Future president and opposition leader Francisco Madero maintained a base in El Paso. Supporters of dictator Porfirio Diaz found refuge in the stately homes of now-trendy Sunset Heights. The feet of Pancho Villa touched the ground of El Chuco, as El Paso is sometimes colloquially called.
“A lot of the activities were planned, organized and orchestrated here in El Paso,” said Keith Erekson, director of the Center for History Teaching and Learning (CHTL) at the University of Texas at El Paso. As Mexico marks the 100th anniversary of her revolution, it’s fitting then that Erekson and his colleagues are sponsoring a teachers’ institute later this month in El Paso aimed at studying, exploring and reliving the Mexican Revolution.

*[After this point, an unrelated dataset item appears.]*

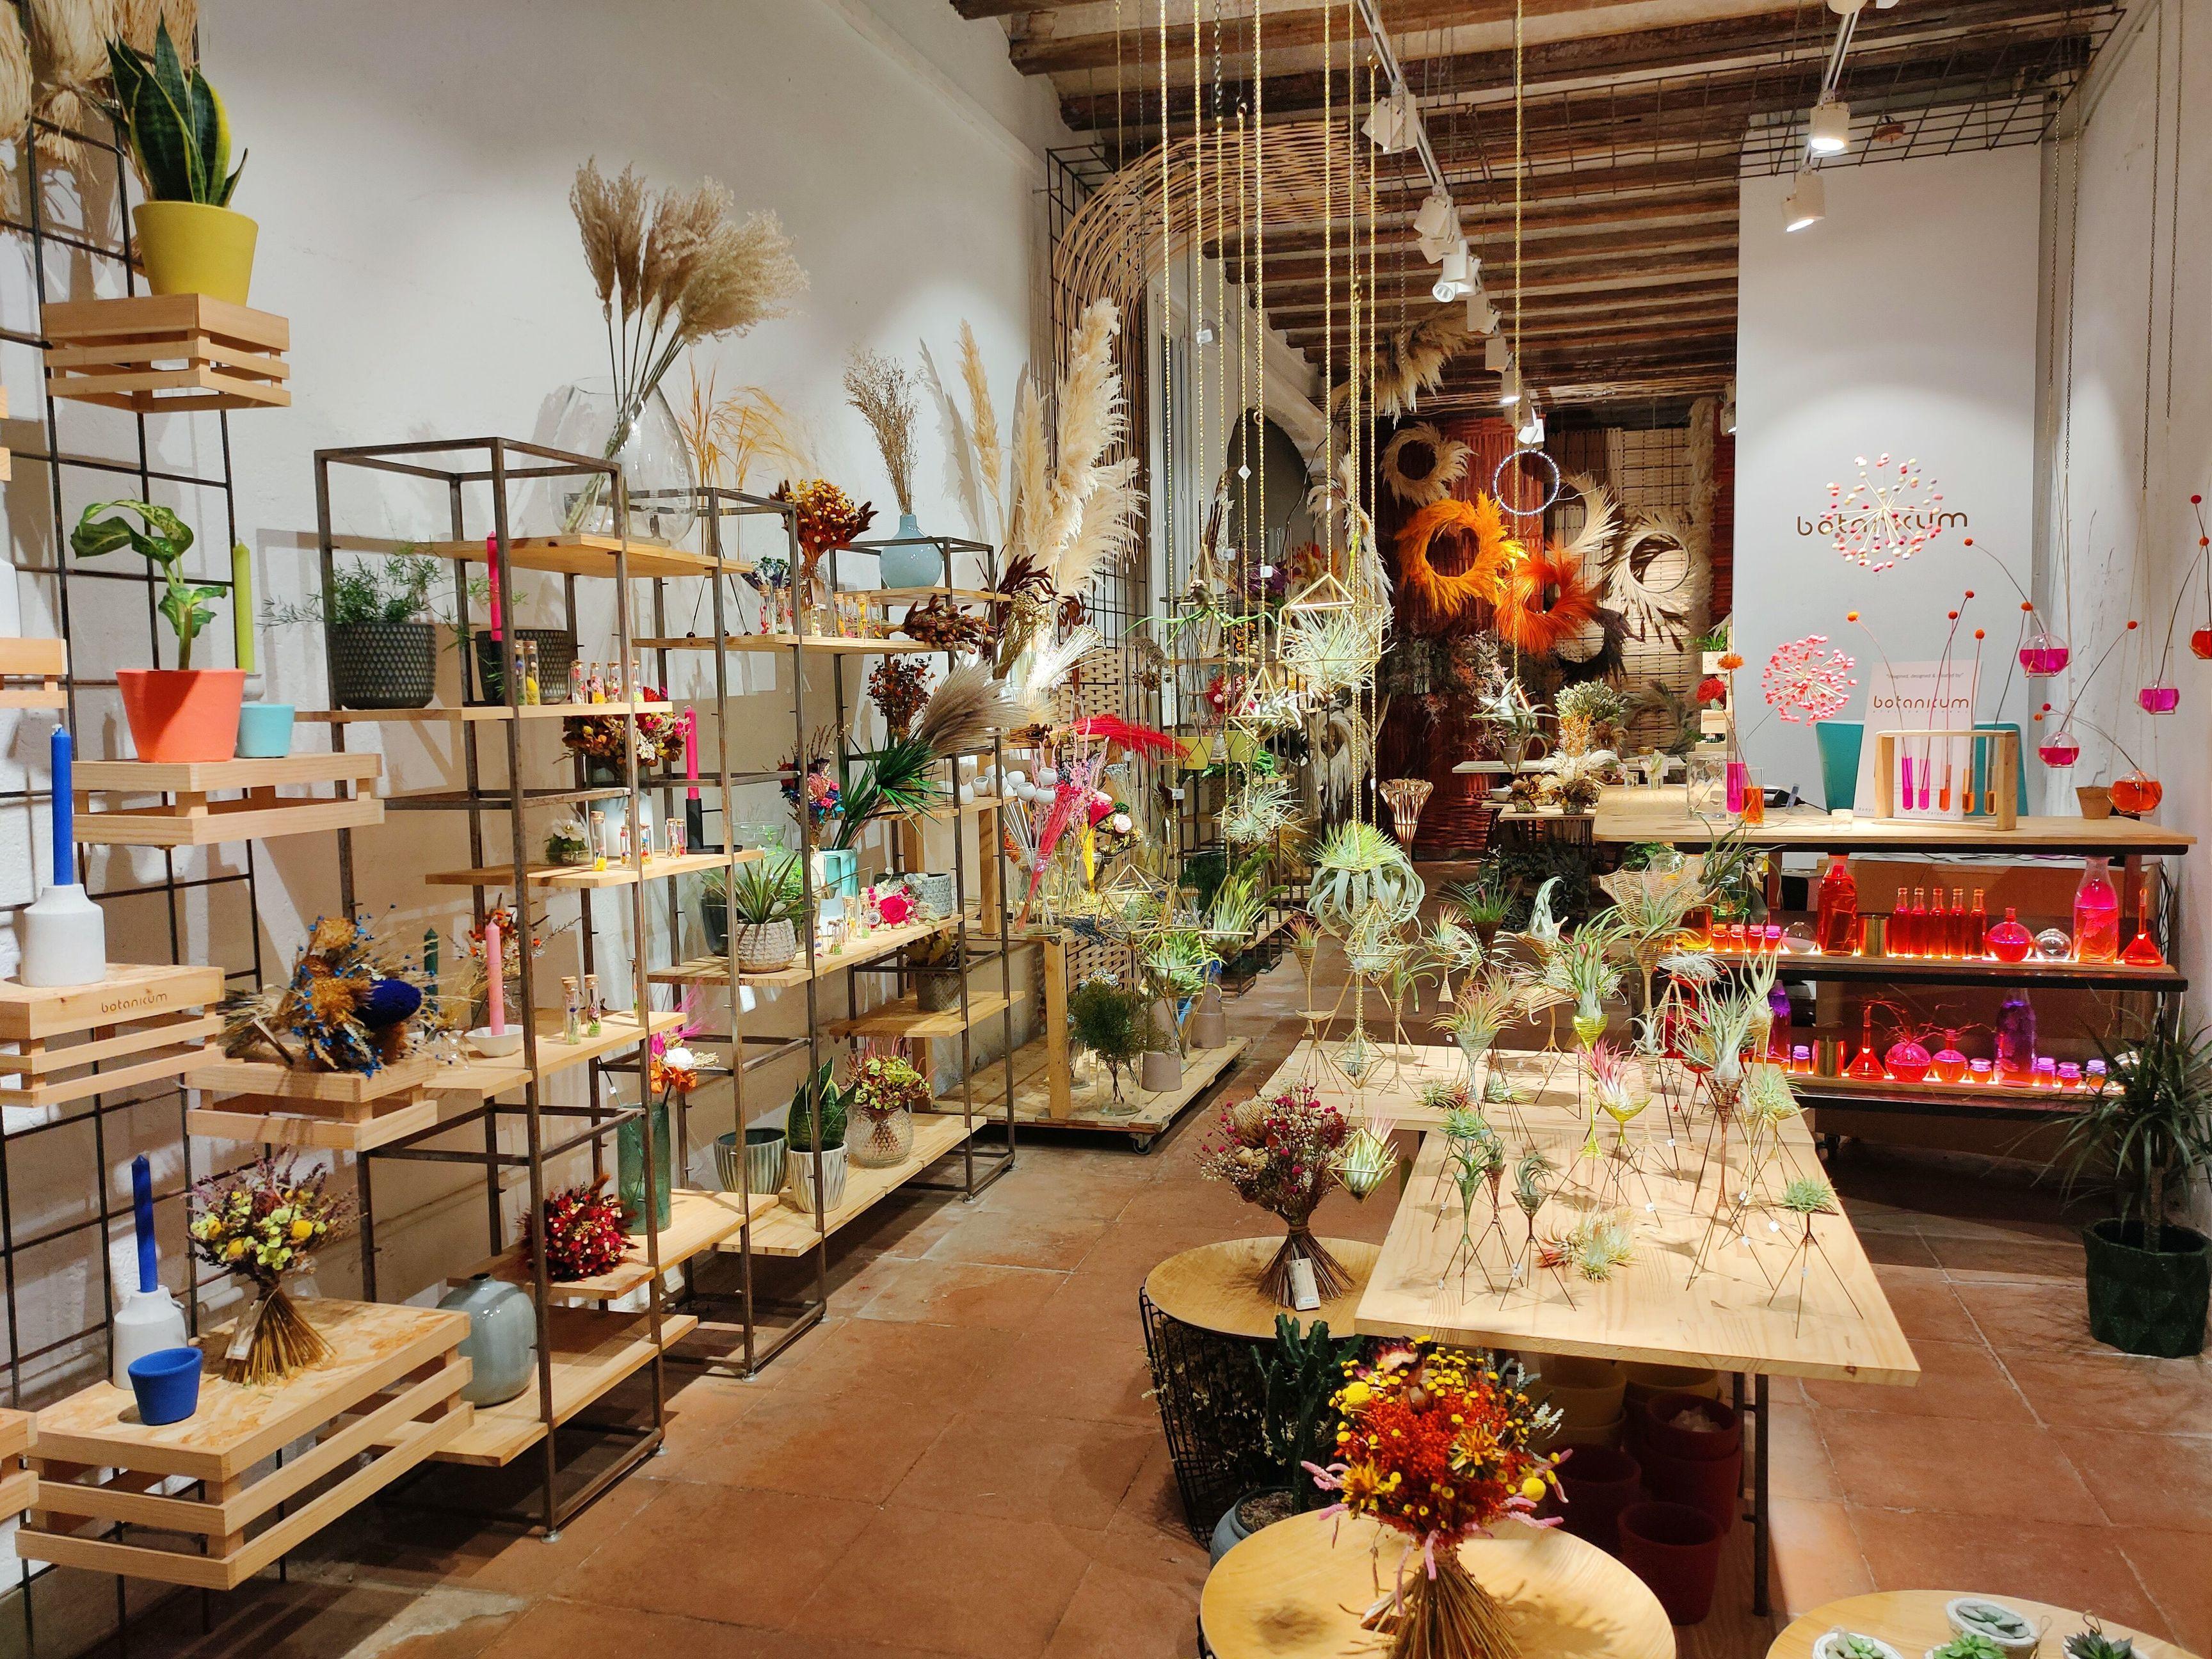 Botanicum atelier floral in Barcelona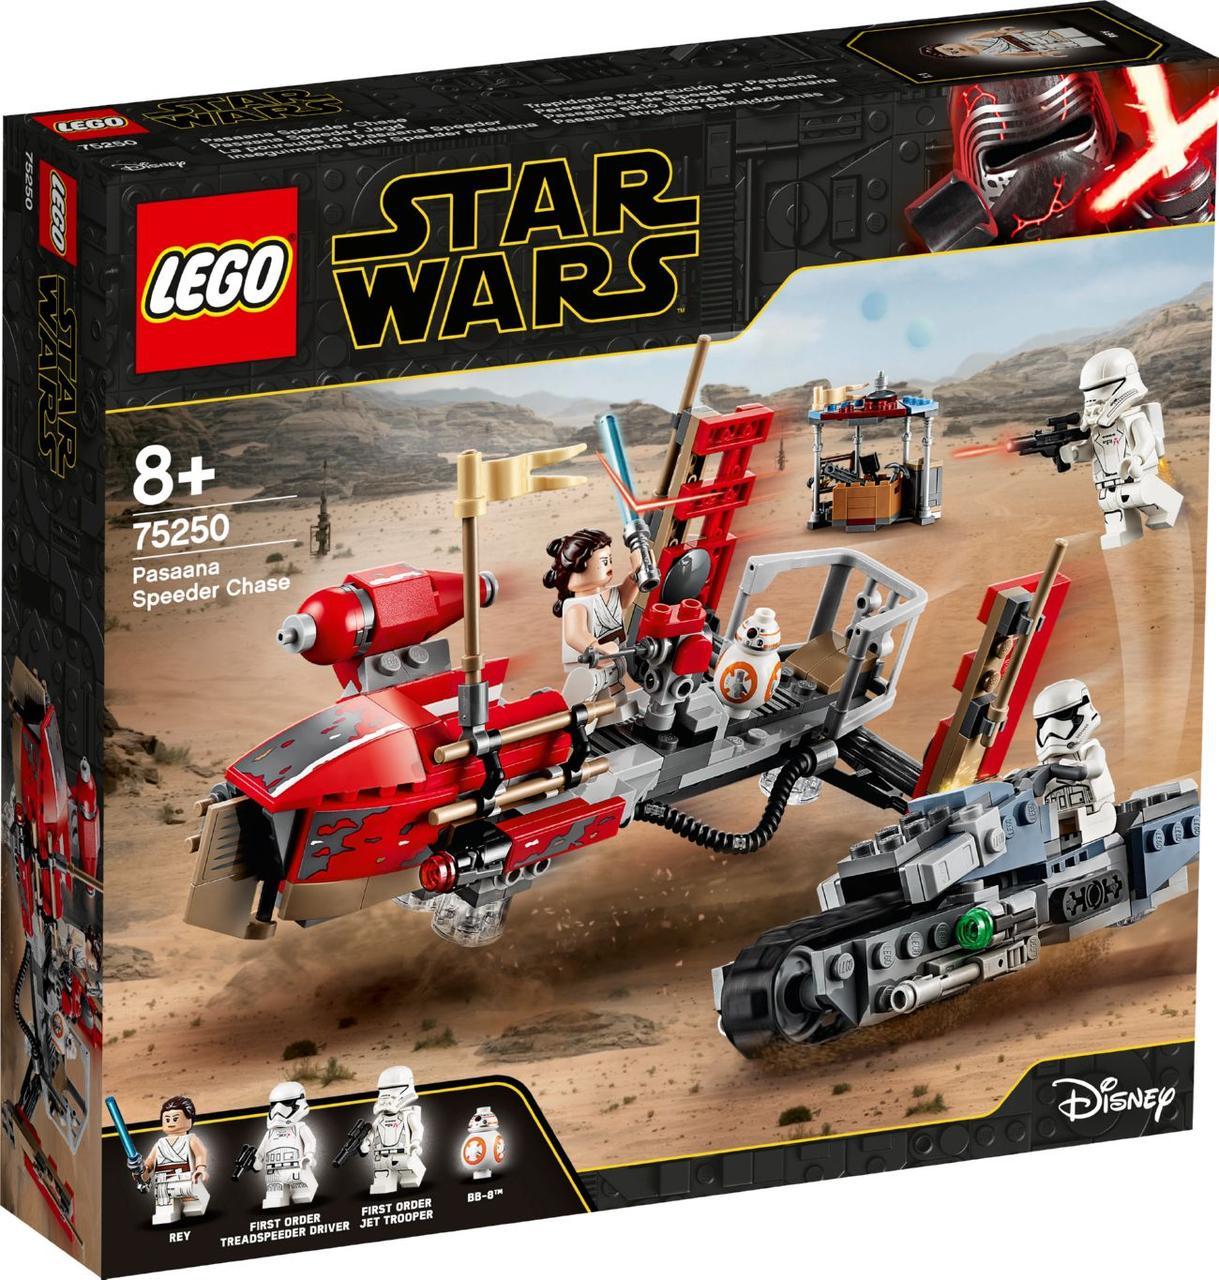 Детский Конструктор Lego Star Wars Погоня на спидерах 75250

Scheduled for June 24-26, the three-day event will include lectures, interactive exercises and even a walking tour of historical sites led by local author and historian David Romo.
According to Erekson, lectures on different dimensions of the Revolution, including how it affected ordinary Mexicans on a daily basis, will be given by UTEP history professors Yolanda Leyva and Sam Brunk. Mark Anderson, professor of history at the University of Regina in Canada, will also be on hand to talk about Pancho Villa and the media, Erekson told Frontera NorteSur.
A cross-curricular, multi-disciplinary approach will characterize the teachers’ institute, Erekson said. “We’re inviting all K-12 educators,” he added. All sessions and materials for teachers are free of charge. The program is underwritten by Texas Humanities, UTEP’s Teachers for a New Era and the Sid W. Richardson Foundation.
In addition to helping commemorate the 1910 Centennial, the El Paso teachers’ institute comes at another important juncture: Texas’ state board of education recently approved a new public school curriculum after rancorous debate.
Reviewing a draft version of the curriculum circulated for public comment last April, Erekson said he noticed a “huge oversight” in the lack of attention paid to Mexico and Mexican-Americans, a country and a people instrumental in the history and development of the Lone Star State.
An important contribution of the teacher’s institute, Erekson contended, will be to give educators essential tools to create a more grounded and richer learning experience.
“One of the presentations is going to be on putting the Revolution back in the texts.” Erekson said. “We want to integrate Mexico into the curriculum, not add it.”
The UTEP history teacher said El Paso was a sanctuary for people fleeing the 1910 Revolution, even hosting mass influxes of refugees like the 4,000 Mormons who arrived in 1912 and another group of 10,000 people which was housed at Ft. Bliss.
Asked about parallels between the migrations of 100 years ago and today’s exodus from neighboring Ciudad Juarez, in which tens of thousands of people have fled criminal violence for the safety of El Paso, Erekson agreed that while the specific causes of the dislocations might be different, the terror and trauma suffered by people are similar.
The June 24-26 teachers’ institute is part of a series of activities commemorating the Mexican Revolution planned for El Paso during 2010 and 2011.
The CHTL sessions will be held at the El Paso Museum of History and the El Paso Public Library’s main branch.